I normally run a 20" bar but have a 28" for the larger trees.  Using either, it still flies right through it and will really send the saw dust (chips) flying.  BTW, once you get into the larger bars, be careful when you set it down as the bar sticks out so far, it tips onto the chain.

www.alamia.com is a good source for spare chains/bars.

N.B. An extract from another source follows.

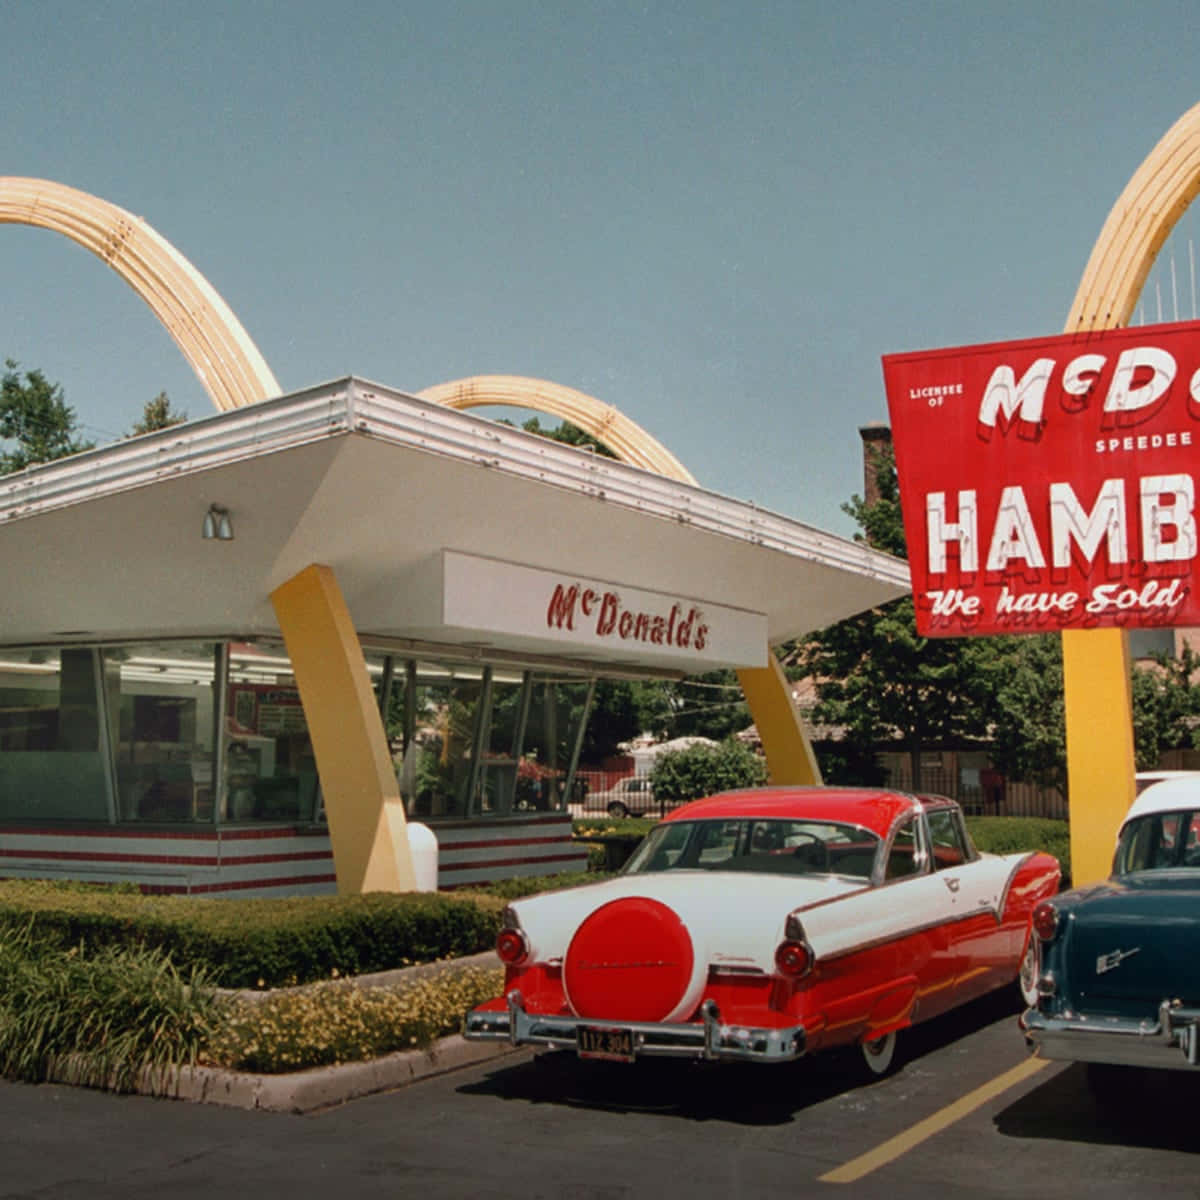 Hambúrgueresdo Mcdonald's Na Década De 1950.

If you ever need a smaller chainsaw, I highly recommend the Husky 338XTP.  At around 7 pounds but has a whopping 2.6HP, it's a screamer.  The handle is on top which is very comfortable and enables one handed operation (if you dare...).


----------



## JimR

PBinWA said:
			
		

> Hi Jim,
> 
> If my 55 Rancher didn't run so good I'd look for one right now.  I'll keep my eyes out for one.  Sounds like a good saw.
> 
> What type of chain do you run on your Husqy?
> 
> PB



I use chisel chain exclusively on all my saws. I have found that this chain cuts the fastest out of all the chains I have used. It is also the hardest to sharpen if you hit something with it.


----------



## JimR

bczoom said:
			
		

> Jim,
> 
> They've renumbered everything so it's hard to compare.
> I have a Husky 365XP pro model and it sounds like the same engine.
> Like you said, there's just no comparison to the homeowners series saws.
> I normally run a 20" bar but have a 28" for the larger trees. Using either, it still flies right through it and will really send the saw dust (chips) flying. BTW, once you get into the larger bars, be careful when you set it down as the bar sticks out so far, it tips onto the chain.
> 
> www.alamia.com is a good source for spare chains/bars.
> 
> If you ever need a smaller chainsaw, I highly recommend the Husky 338XTP. At around 7 pounds but has a whopping 2.6HP, it's a screamer. The handle is on top which is very comfortable and enables one handed operation (if you dare...).



bz, thanks for the link on chains and bars and info on the little terror Husky. I'll have to keep an eye open for one of them. The 262Xp is pretty comparitive power wise to the present 375XP at 4.9 HP. I have no problem one handing a saw. I have a small McCullock pro that is pretty balanced and can be one handed easily.


----------



## JimR

Well today I had a chance to try out my new 28 inch Oregon bar and chain that was bought from Bailey's. Here's what I cut with this saw. I have finally found a saw that is light and that can cut like crazy. YeeHaa, I'm a happy woodcutter now.


----------



## bczoom

SWEET!!!


----------



## matt1986gowing

hey Jim, I came across your post when I googled my chain saw that was given to me by my grandpa, It is a husqvarna 262 xp and it is definately the best and hopefully the only chain saw ill ever need.....I did not know you could put a 32 inch bar on it, but it doesnt suprise me ...mines only got a 16 inch bar and it can cut through a tree the same thickness as the bar without bogging down what so ever......it is defintely a treasured keepsake for the rest of my life, well only because my grandpa gave it to me, anyways happy saw'ing!


----------